A significantly higher percentage of biological science journals (27.2%) addressed proteomic and/or genomic data sharing, as compared to 16.7% of clinical science journals, 5.6% of physical science journals, 3.1% of social science journals, and 0.0% of mathematical science journals. A somewhat higher percentage of biological science journals also addressed sharing of computer codes (19.8%), as compared to 19.1% of physical science journals, 16.5% of mathematical science journals, 15.6% of social science journals, and 3.1% of clinical science journals. And a slightly higher percentage of biological science journals (4.9%) addressed sharing of clinical trial data, as compared to 4.8% of clinical science journals, 2.2% of physical science journals, 1.0% of social science journals, and 0.0% of mathematical science journals. See Table 2 for comparisons of data sharing policies based on type of science.
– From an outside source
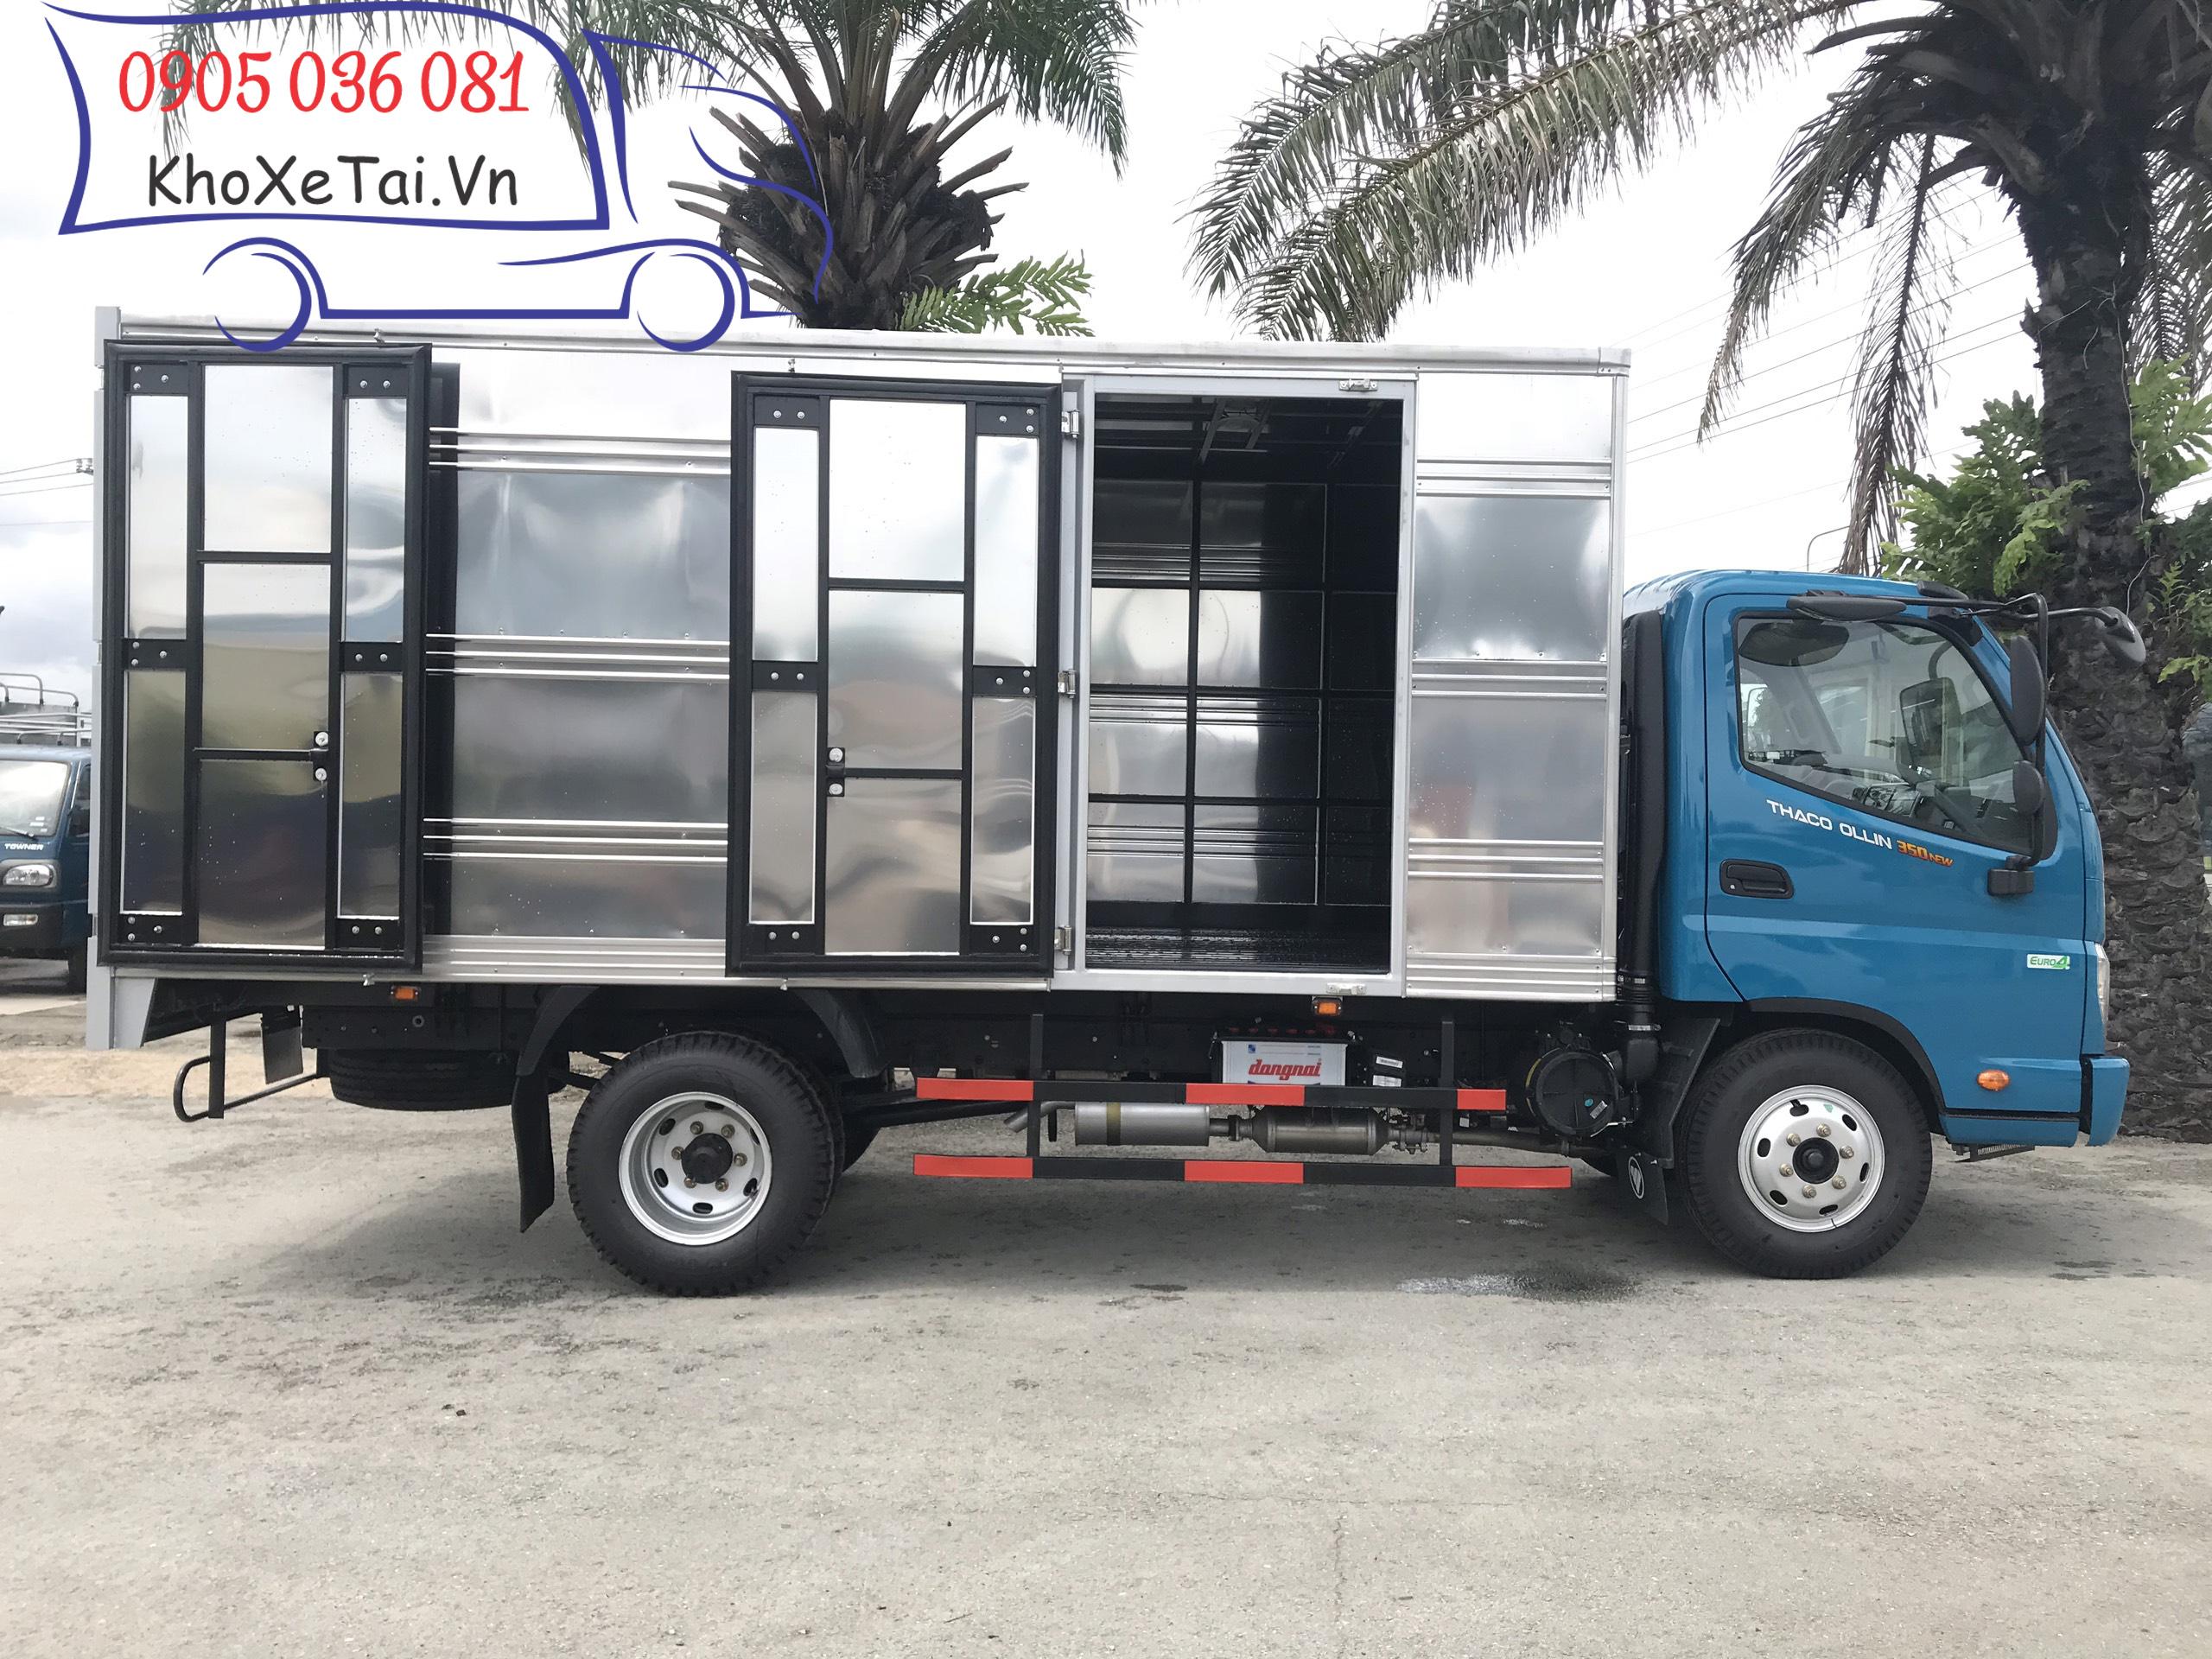 xe tải thaco ollin 350 e4 thùng kín 3,5 tấn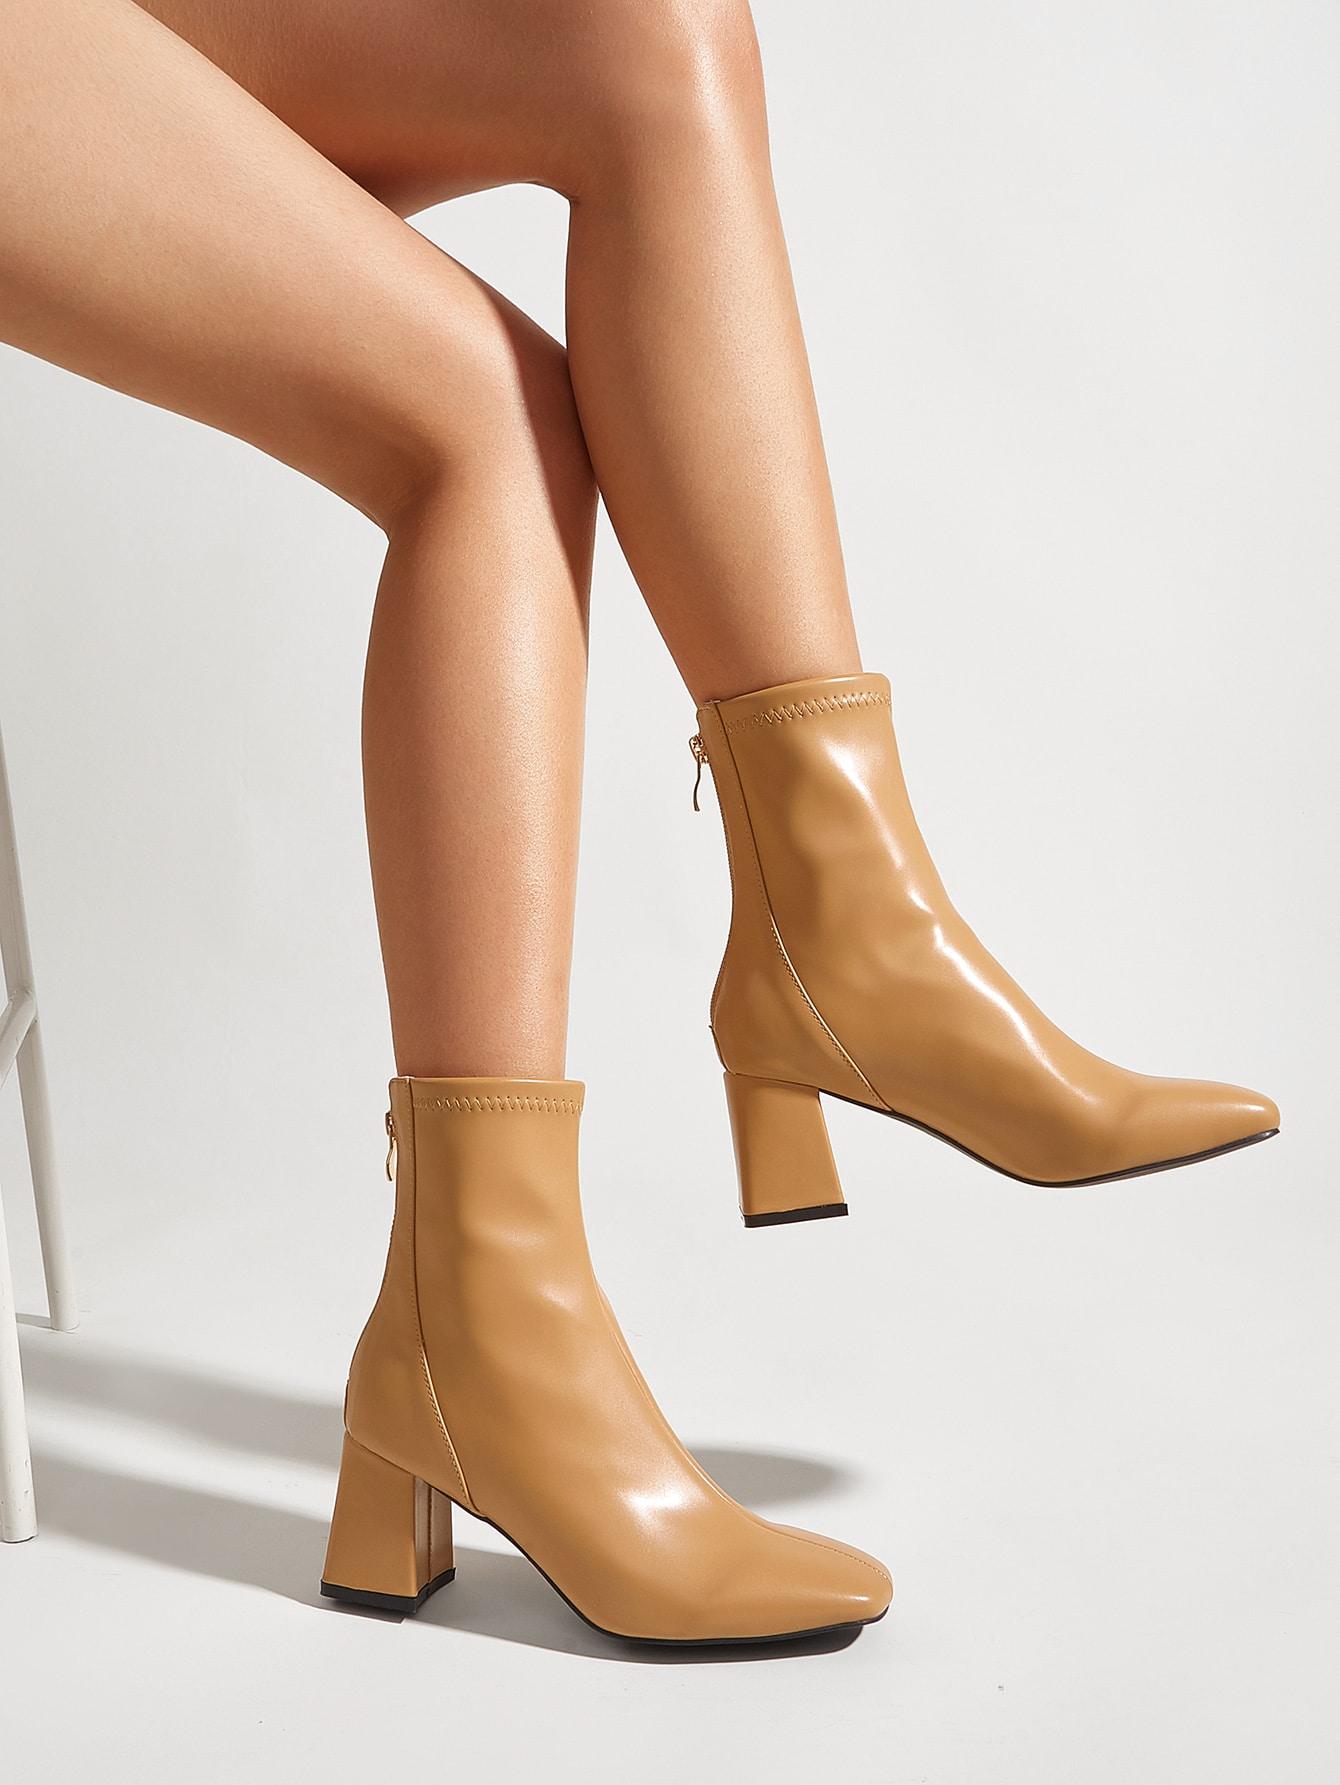 Minimalist Chunky Heeled Boots

With respect to specific types of data sharing, such as the mention of specific repositories, we found that a small percentage of journals required data deposits into public repositories. A total of 44 (9.8%) of journals required the deposit of protein, proteomic, genetic, or genomic data into specific data banks, and 90 (20.1%) journals required sharing of computer codes or models with deposit into data banks.. A small number of journals, 11 (2.1%) required deposit of clinical trial data into clinical data banks (Figure 2).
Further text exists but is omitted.